Yaron's WikiWorks, for example will be happy to work with you on it - they
live and breath Mediawikis. Just don't expect that somebody will do work for
you for free only because Wikimedia foundation is non-for-profit and their
projects don't charge money. We all need to eat and software developers are
expansive, especially good ones, especially those who can do both complex
and user friendly software. Don't insult people by saying that they didn't
make something you need, they already spend time that they could've spent on
their families.

Thank you,

Sergey


--
Sergey Chernyshev
http://www.sergeychernyshev.com/


On Wed, Mar 3, 2010 at 5:34 PM, fl foxyloxy.wikime...@gmail.com wrote:


 On Wed, 3 Mar 2010 10:31 pm, Platonides wrote:
  fl wrote:
   I would disagree. The Wikimedia software has been released under an
  open
   source license: While the WMF certainly has no obligation to improve
  the
   software, they most definately have an obligation to release the
  source
   code to third-parties.
 
  Wrong. They do it, and it's consistent with their mission, but they
  have
  no obligation to do that. They could even have MediaWiki be closed
  source software.

 No, they can't.
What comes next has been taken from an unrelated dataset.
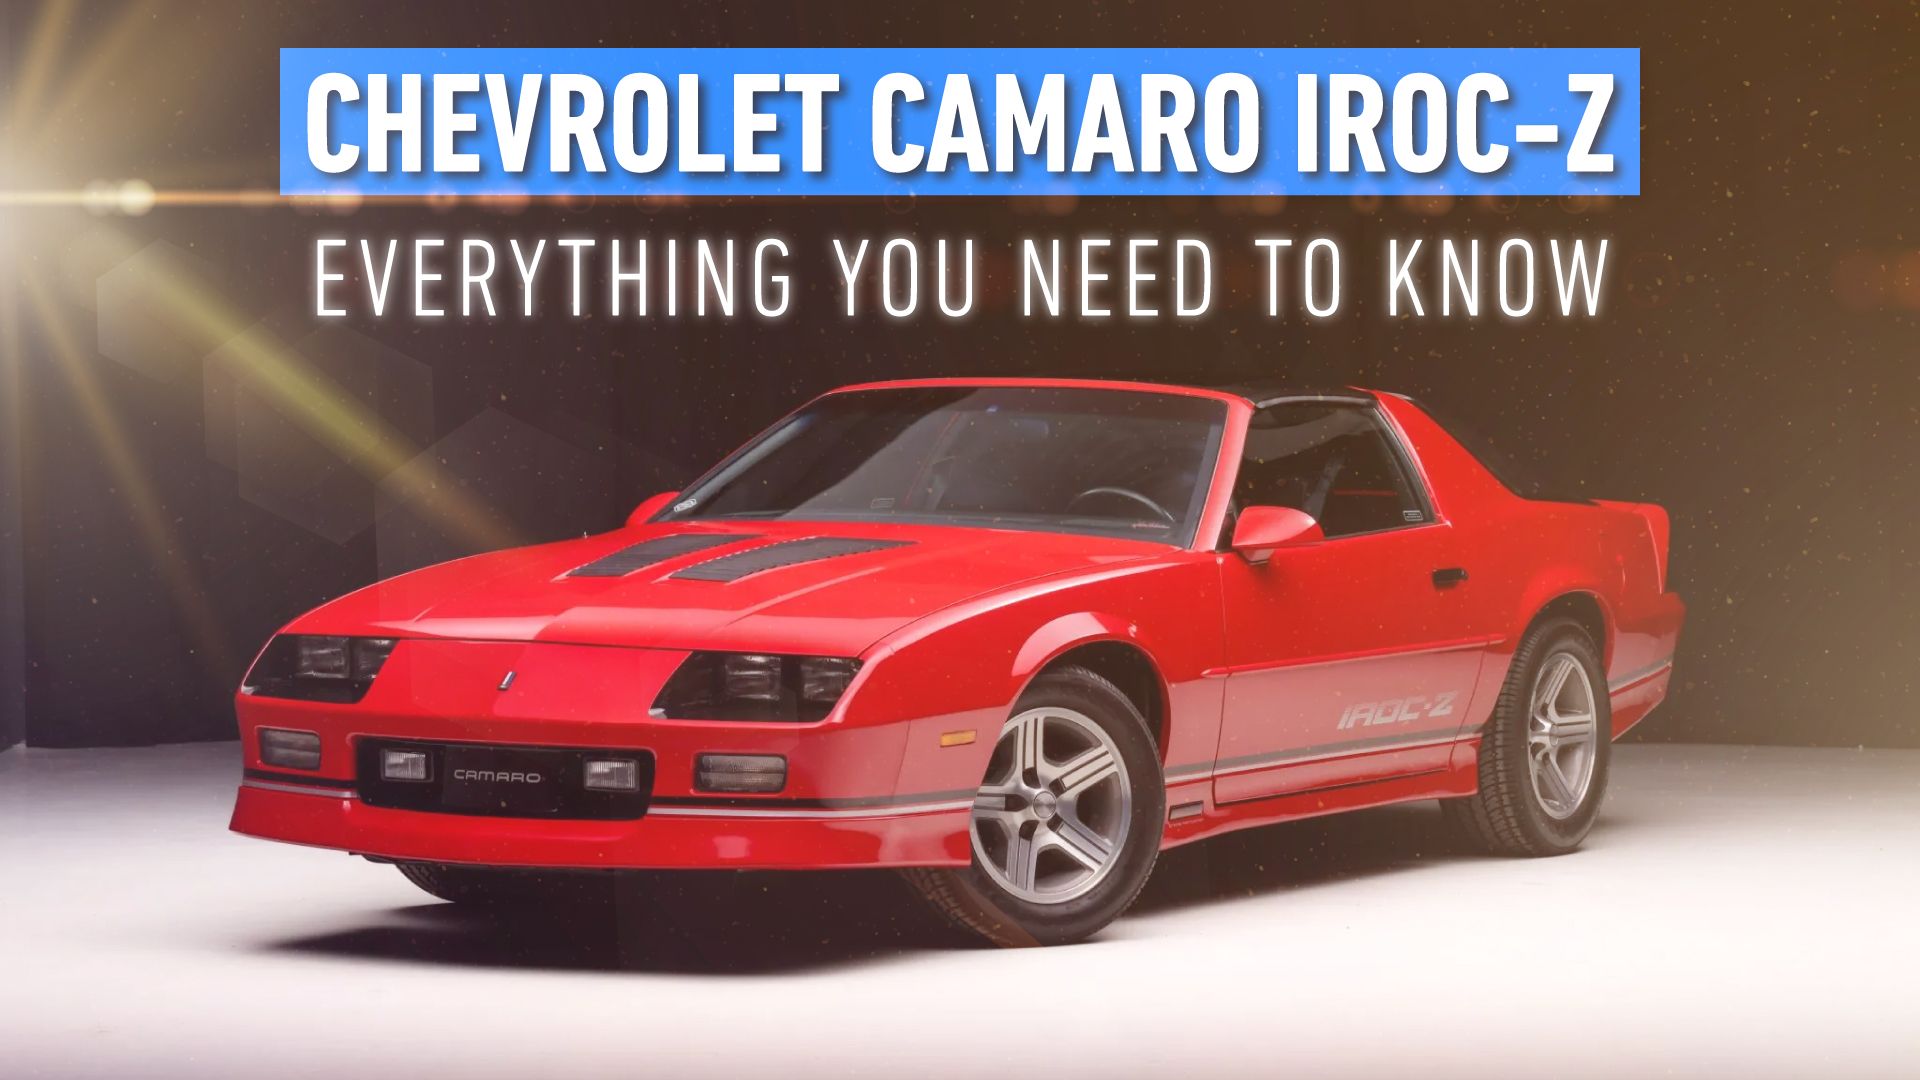 Everything You Need To Know About The Chevy Camaro IROC - Z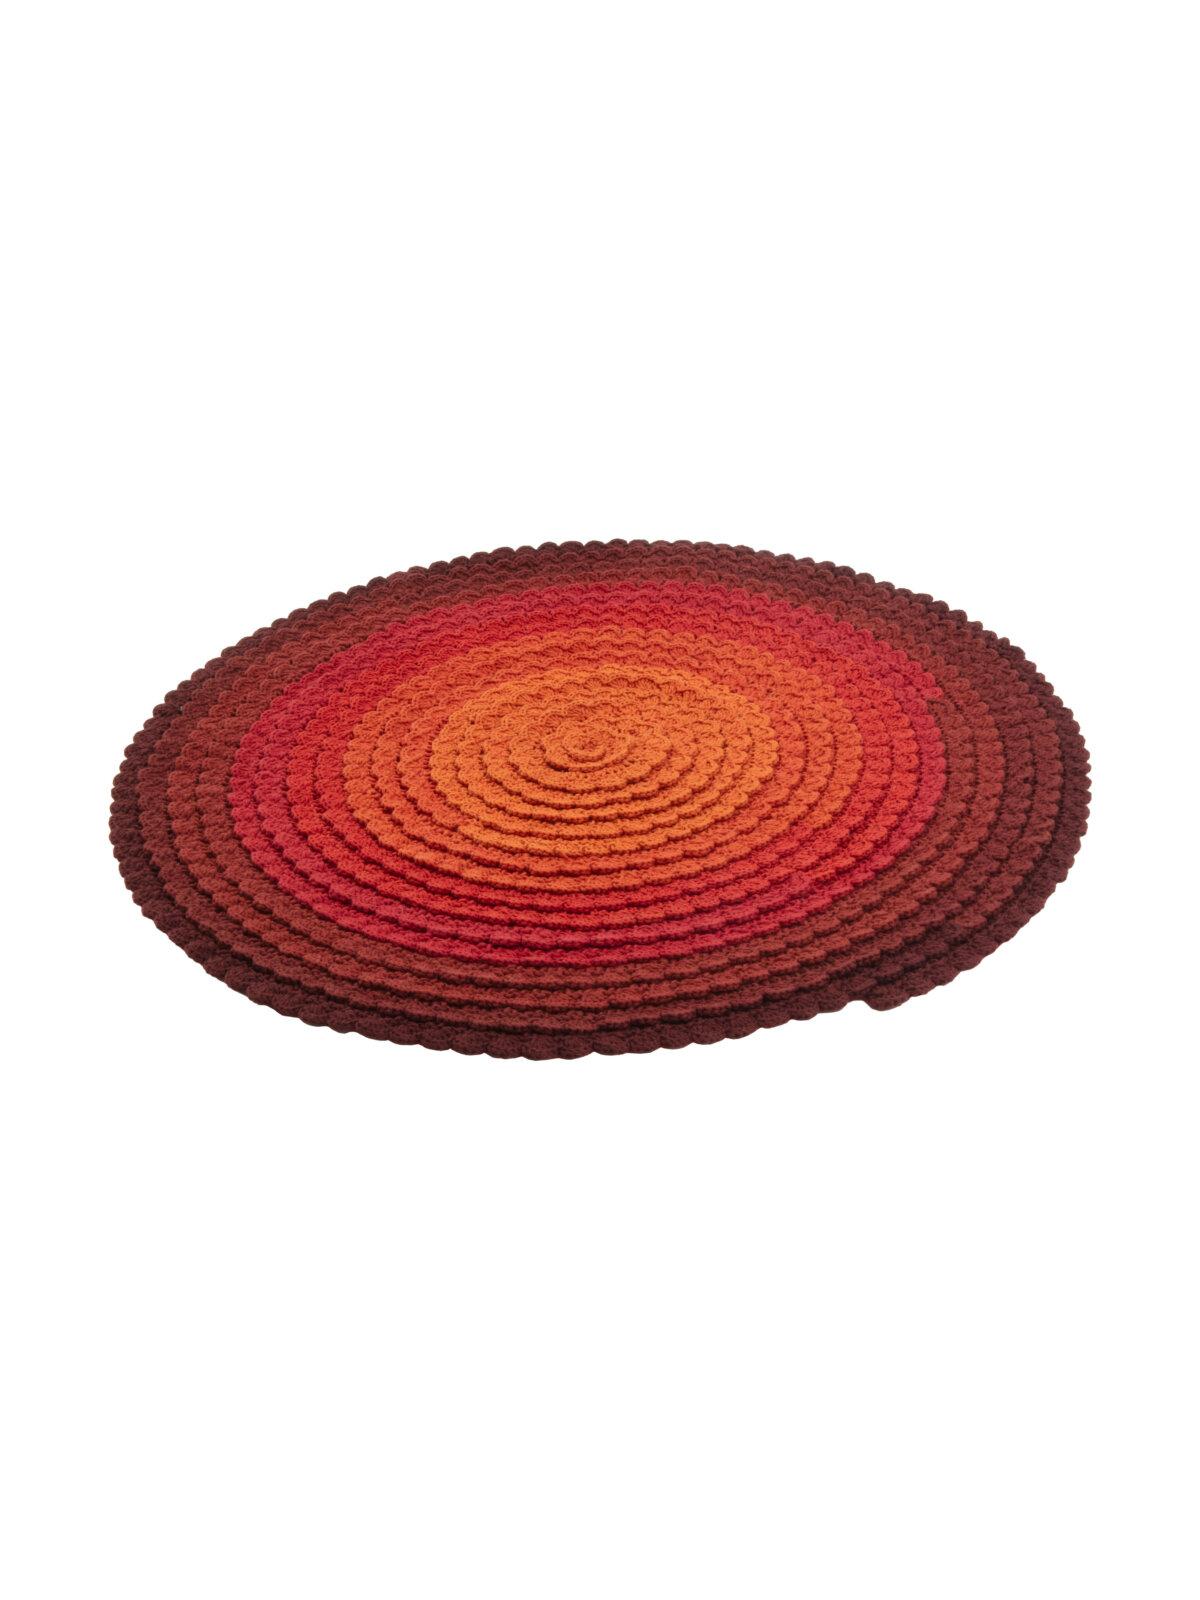 cc-tapis SWIRL AUTUMN handmade rug by Univers Uchronia In New Condition For Sale In Brooklyn, NY

As far as I am aware, MediaWiki is released under the
 GNU General Public License[1], which stipulates, among other things, the
 requirement to release a program's source code to the public and to
 release any derived changes under the same license[2].

 If the WMF were to try and convert MediaWiki to a closed source project,
 they would be liable to legal actions against them.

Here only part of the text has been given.